Patch for SENTRY-2240 – DROP UDF Permission Issue in Sentry

Last week, I have discovered an issue in Sentry that it does not check permissions properly when a user is trying to DROP a function. To re-produce this is easy, simply create a function under a database using admin account, and make sure that one particular user does not have ANY permissions on the database that the UDF was created under. Then, try to use that user to DROP the function.

I immediately checked if there is any upstream JIRA reported, but I was not able to find any, hence I filed a new JIRA, please see SENTRY-2240.

I have done some patches before for Sqoop and Hive, however, I have not done any for Sentry yet, so I think this JIRA is a good one to start. I went ahead to check out Sentry code from github, examined through the code to see what was wrong and could see that for CREATE and DROP FUNCTION calls, Sentry does not care what database the user was under:

HiveAuthzBindingHook.java#L226
HiveAuthzBindingHook.java#L230

      case HiveParser.TOK_CREATEFUNCTION:
        ........

        // create/drop function is allowed with any database
        currDB = Database.ALL;
        break;
      case HiveParser.TOK_DROPFUNCTION:
        // create/drop function is allowed with any database
        currDB = Database.ALL;
        break;

I have spent last weekend thinking about and applying fixes and also updating test cases that are affected. I have forked into my repository and created a branch to track my changes until final version. Please refer to https://github.com/ericlin05/sentry/tree/SENTRY-2240.

If you have any comments on my patch or want to discuss it, please add your comments below.

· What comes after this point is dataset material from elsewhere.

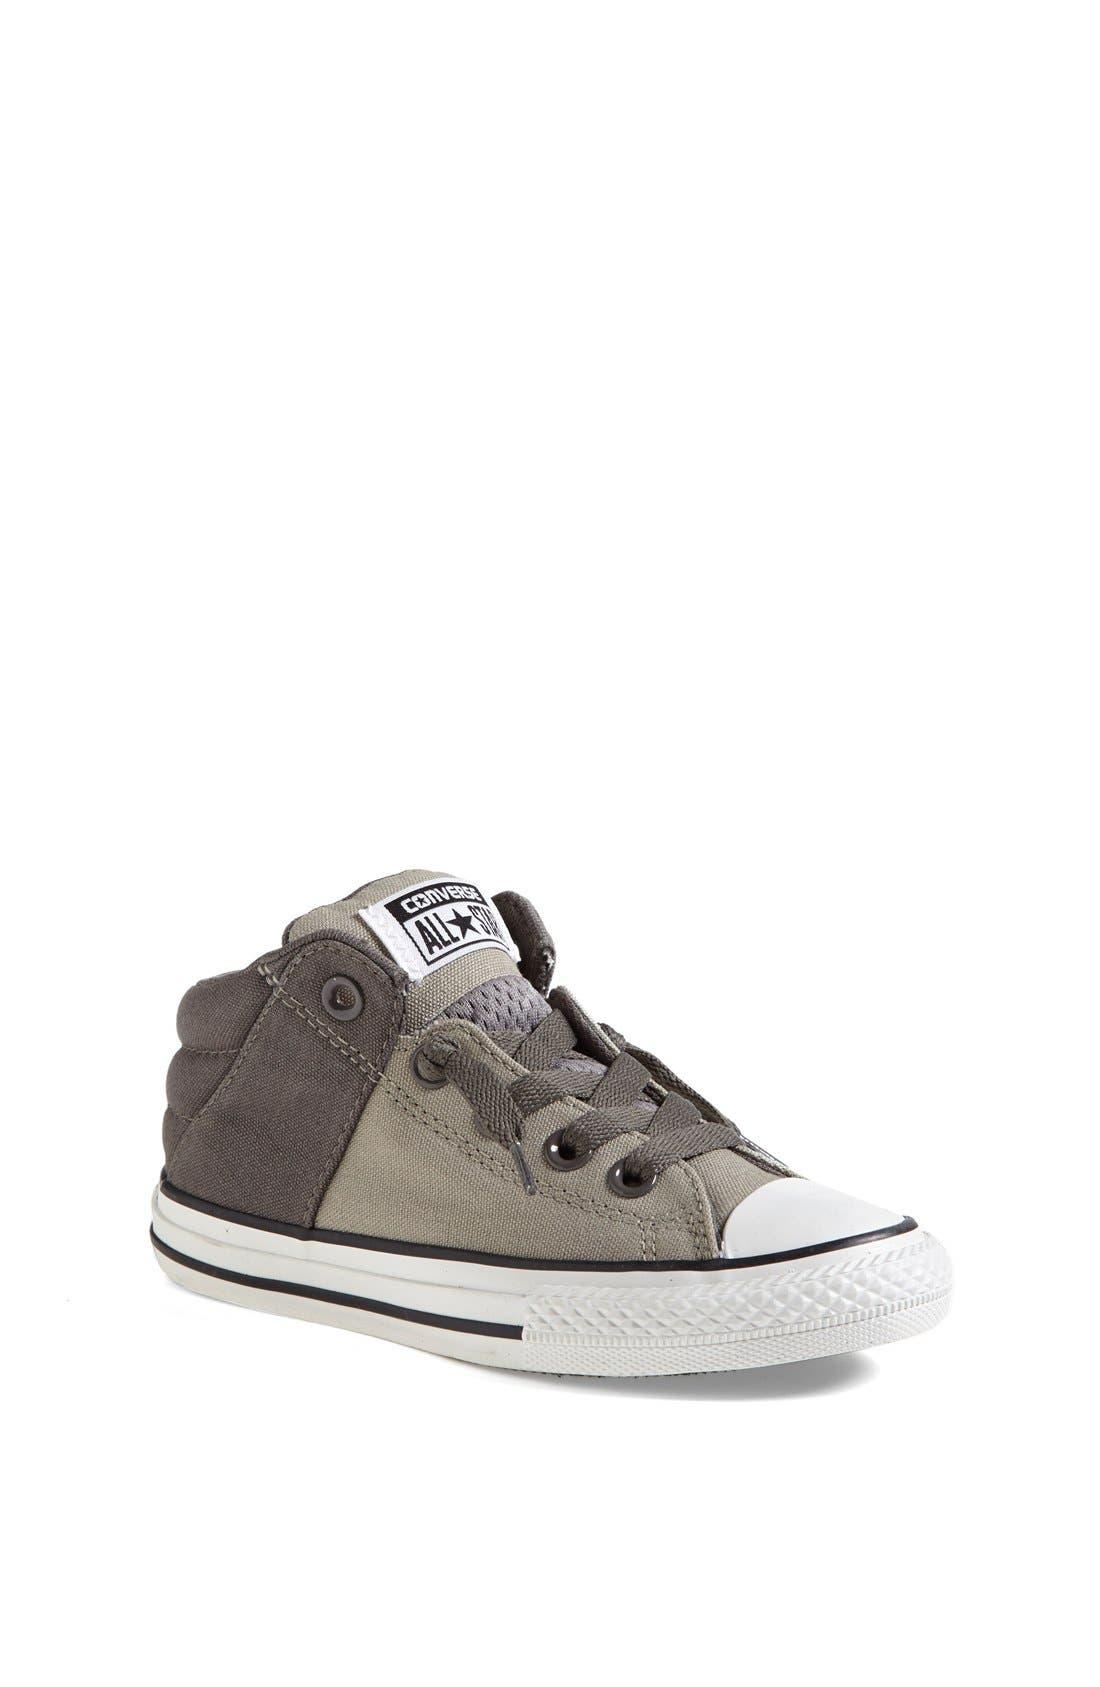 Main Image - Converse Chuck Taylor® All-Star® 'Axel' Sneaker (Toddler, Little Kid & Big Kid)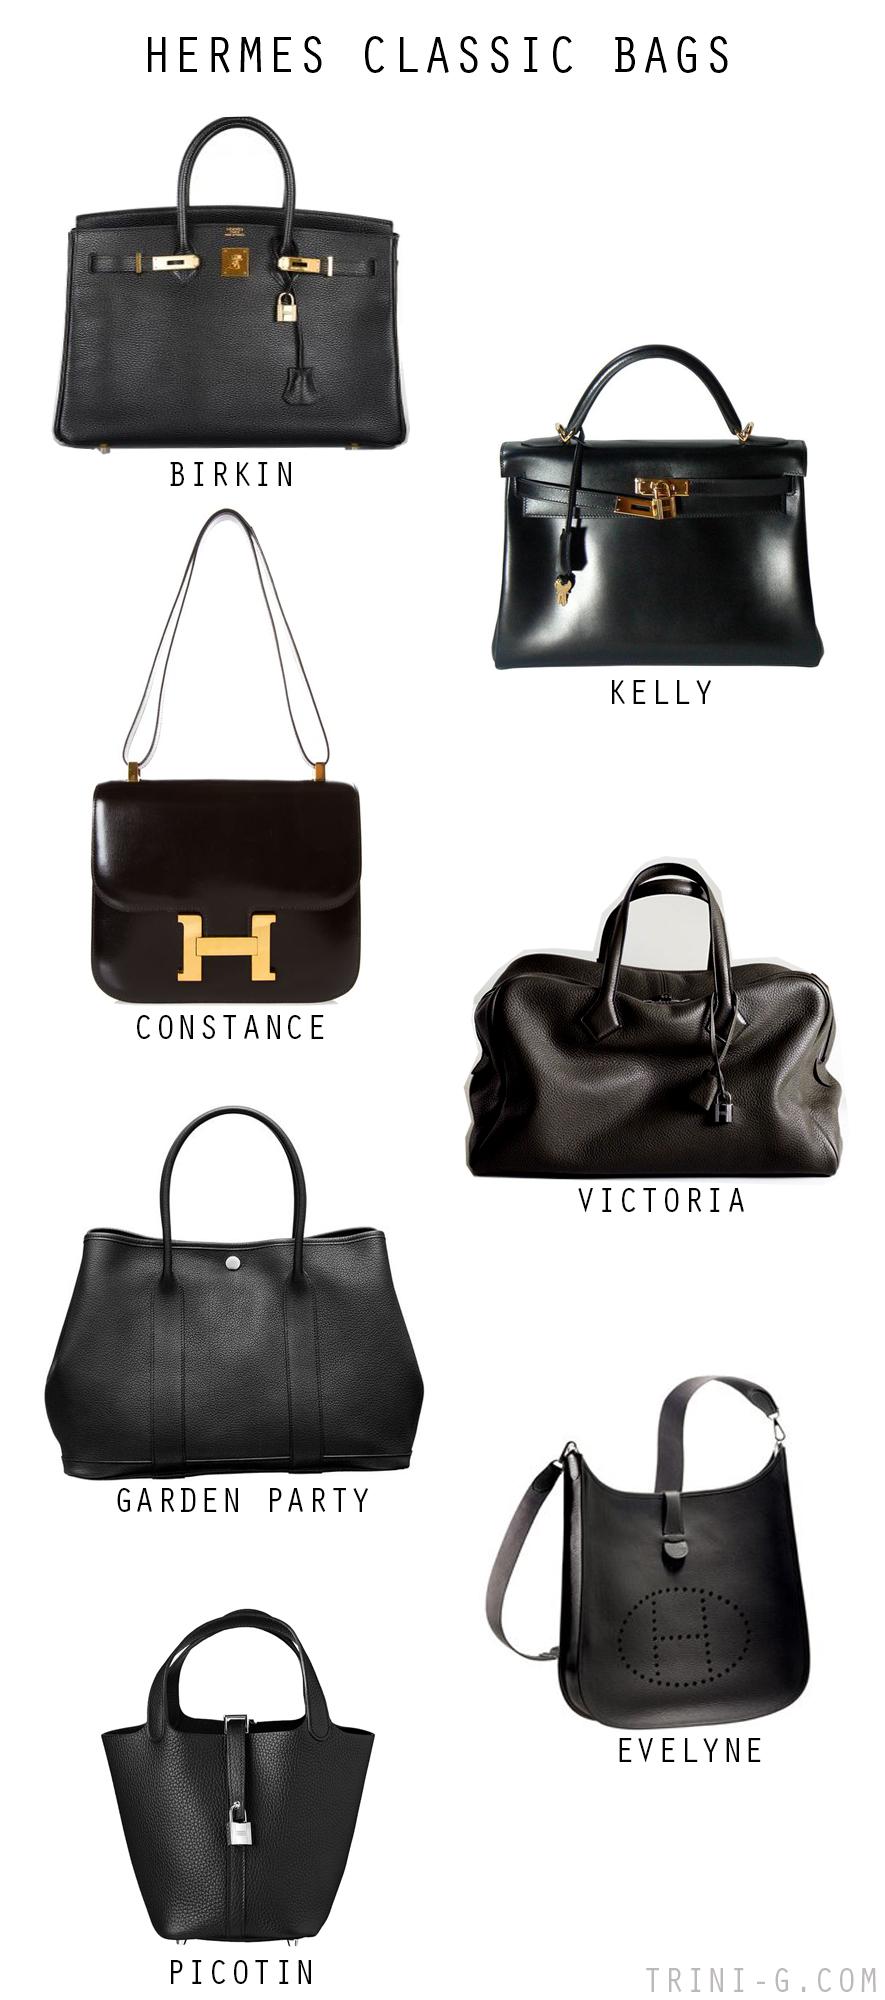 Trini Blog Hermes Classic Bags

Drop Impala UDF function returned NoSuchObjectException error

Impala UDF works a bit differently than Hive UDF, as they are written in different languages. Recently I have encountered an issue that when I try to drop Impala UDF written in C, it failed with below error:

DROP FUNCTION udf_testing.has_vowels;
Query: DROP FUNCTION udf_testing.has_vowels
ERROR:
ImpalaRuntimeException: Error making 'dropFunction' RPC to Hive Metastore:
CAUSED BY: NoSuchObjectException: Function has_vowels does not exist

The “SHOW CREATE FUNCTION” query worked OK as below:

SHOW CREATE FUNCTION has_vowels;
Query: SHOW CREATE FUNCTION has_vowels
+-----------------------------------------------------------------------------+
| result                                                                      |
+-----------------------------------------------------------------------------+
| CREATE FUNCTION udf_testing.has_vowels(STRING)                              |
|  RETURNS BOOLEAN                                                            |
|  LOCATION 'hdfs://nameservice1/user/hive/impala-udf/libudfsample.so'        |
|  SYMBOL='_Z9HasVowelsPN10impala_udf15FunctionContextERKNS_9StringValE'      |
|                                                                             |
+-----------------------------------------------------------------------------+
Fetched 1 row(s) in 0.03s

After researching, it turned out that when dropping functions in Impala, you will also need to specify the function parameters. So below query will work:

DROP FUNCTION udf_testing.has_vowels(STRING);
Query: DROP FUNCTION udf_testing.has_vowels(STRING)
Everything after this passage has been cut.